Friday, June 10, 2011

Whiffing.

During the Yankees game tonight Paul O'Neill told the story of a game when the Yankees scored 21 runs against Cleveland; everyone was piling up hit after hit and running around the bases like they were in the circus, except for O'Neill, the only Yankee without at least one hit.  He was becoming more and more frustrated and embarrassed as the hit parade went on without him.  Finally after the fifth inning Joe Torre took him out and replaced him with Ricky Ledee, who immediately got two hits and three RBI.  Ha!

This reminds me of the time I was down home and went out fishing with a coupla people, one of whom was Sistatime!,  who pretty much needed to be told which end of the pole to hold onto.  We're in the middle of the river for about 30 seconds before people were pulling fish into the boat non-stop; I swear to christ, fish were jumping outta the water and into the boat "saaaaaaay, what's going on up here guys?!!"  and then texting their fish friends to come on by.  Sistatime! barely looked up from her US Weekly as fished marched onto the boat and into her bucket.  Everyone was catching fish like I'd never seen before.

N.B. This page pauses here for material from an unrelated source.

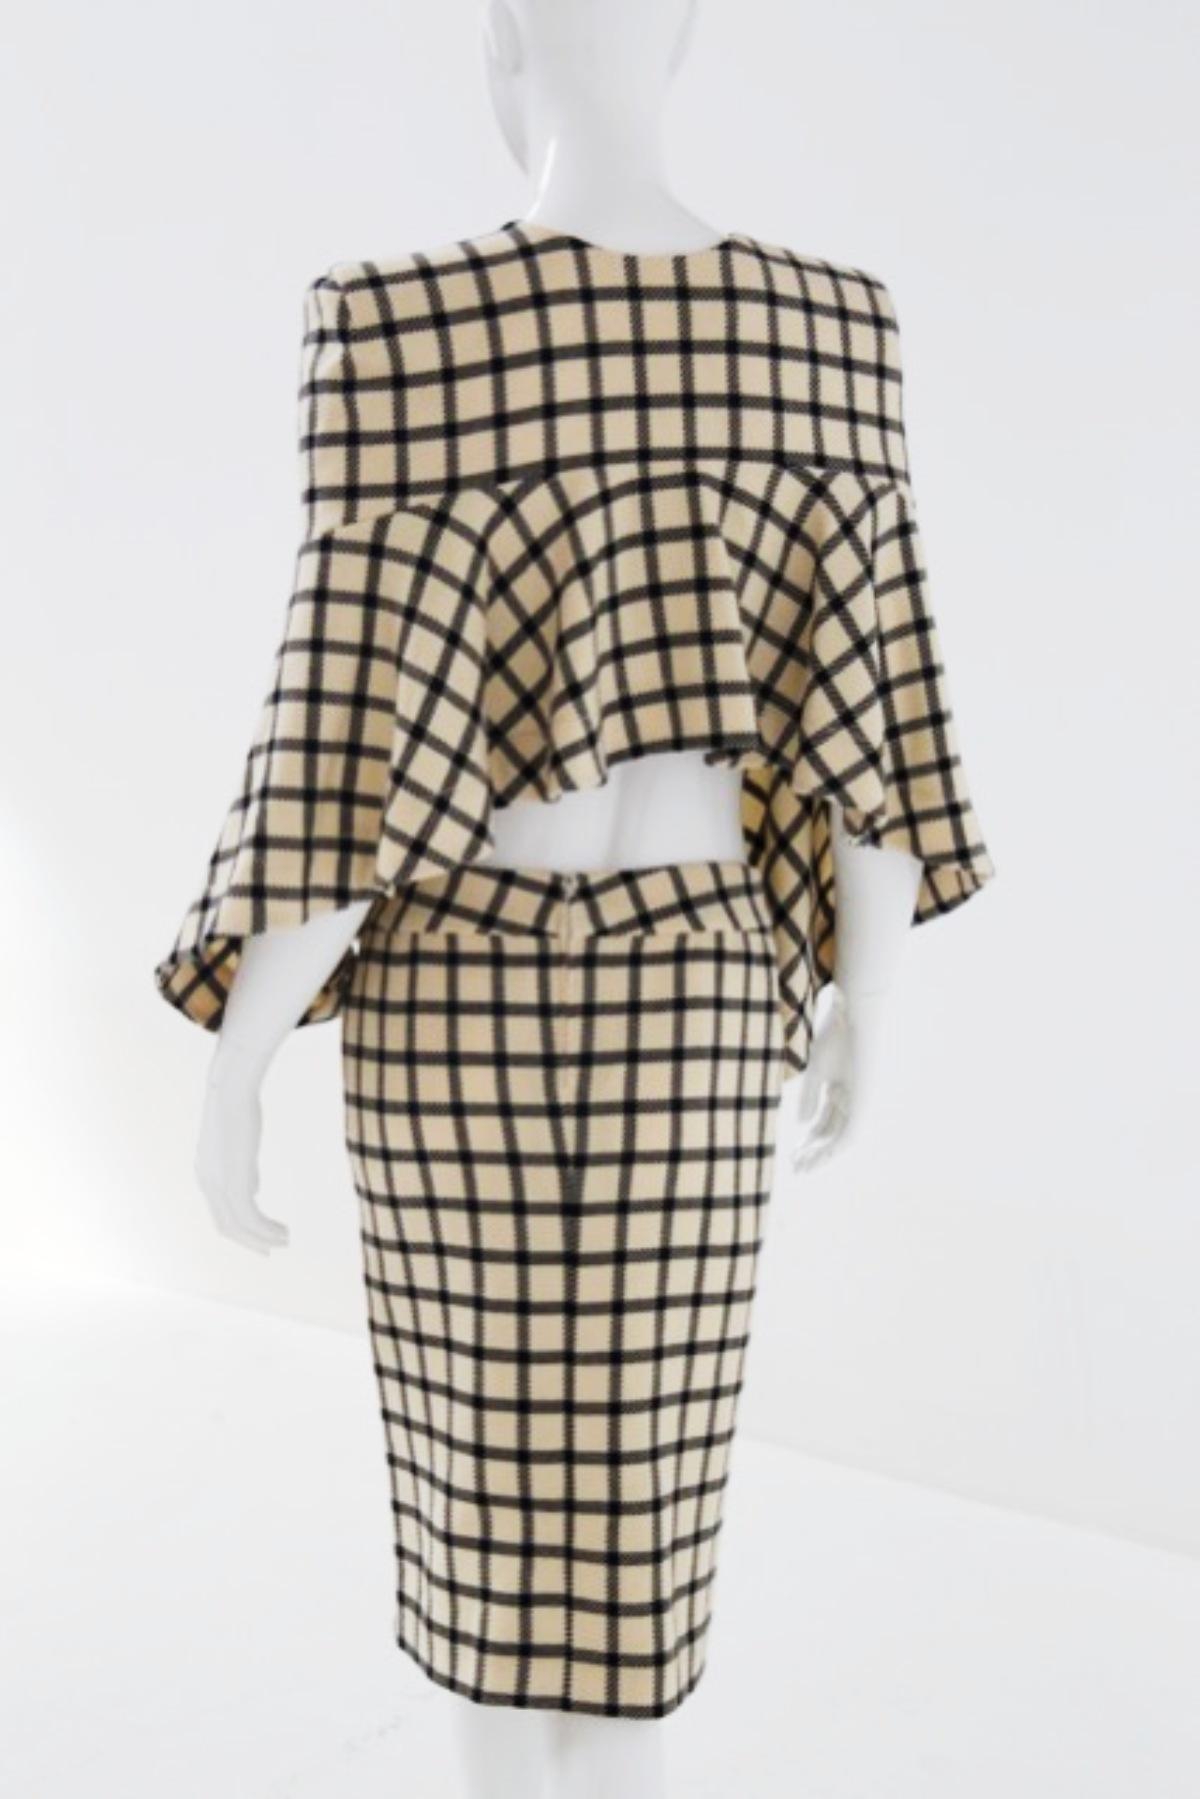 Pierre Cardin Vintage Check Wool Suit For Sale 3
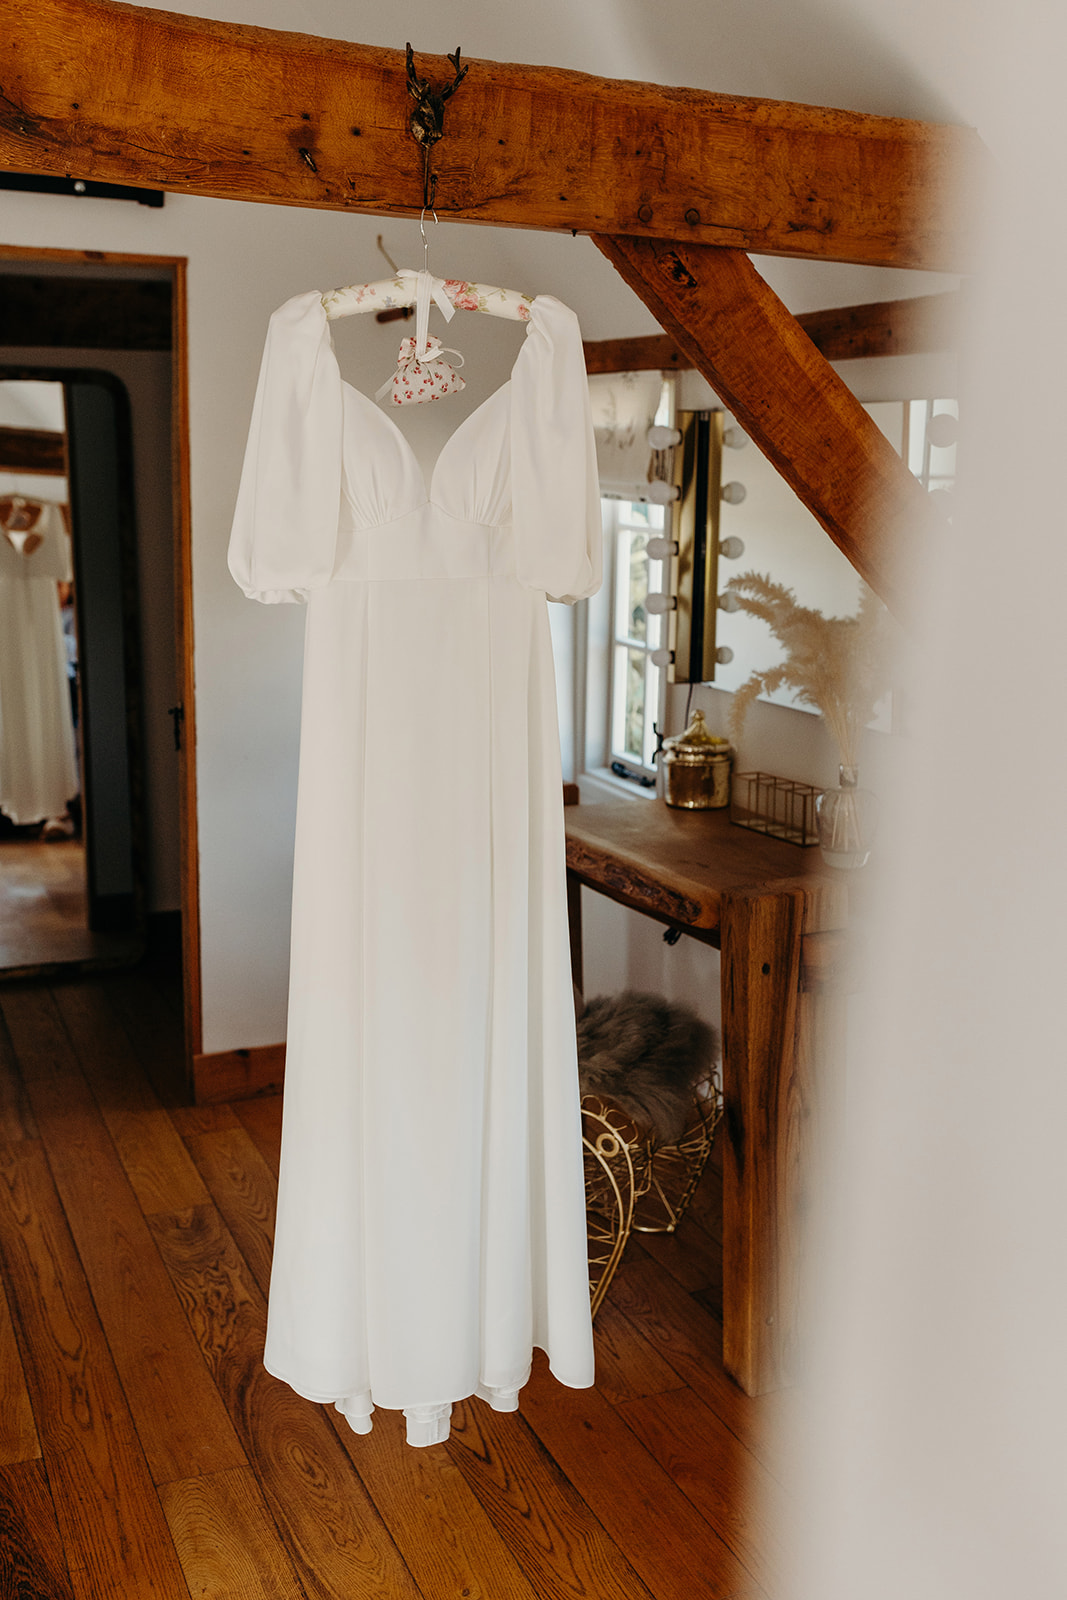 Bride's elegant wedding dress hanging in the bridal suite at Silchester Farm.

Everyone except, of course, me.  With each passing minute and as the pounds of fish climbed, I became more and more embarrassed.  Nothing tugged on my line.  Fish were shoving past me to get to the others.  I tried to stay quiet, hoping nobody would notice, and prayed for our little trip to end.  Finally, everyone was satisfied that there were no more fish in the river to catch, plus it was about 100 degrees, and decided to go back in, to my great relief.  Until Sistaime piped up.

"Ooohhhhhhhh, we can't go in yet.  Xmastime hasn't caught a fish!"

Grrrrrr.

The boat engine was cut off and everybody slowly turned to glare at me, giving me one big "you better catch a fucking fish right away, asshole."   I threw my line back out and waited as everyone stared at the back of my head, mentally yelling at me like an abusive father losing his patience trying to teach his kid how to change a tire.  FINALLY some poor fish felt sorry for me and let me pull it up, all maybe 2 inches of it.

Thanks a lot, Sistatime!

SIDE NOTE: 20 Reasons Paul O'Neill is the Fucking Man.

1 comment:

Kiko Jones said...

When Paul O'Neill was told LaTroy Hawkins was getting plenty of grief for wearing no.21, instead of telling the fans to chill out, he said, on the air, that he thought this was "neat". Lost a chunk of respect from me right there.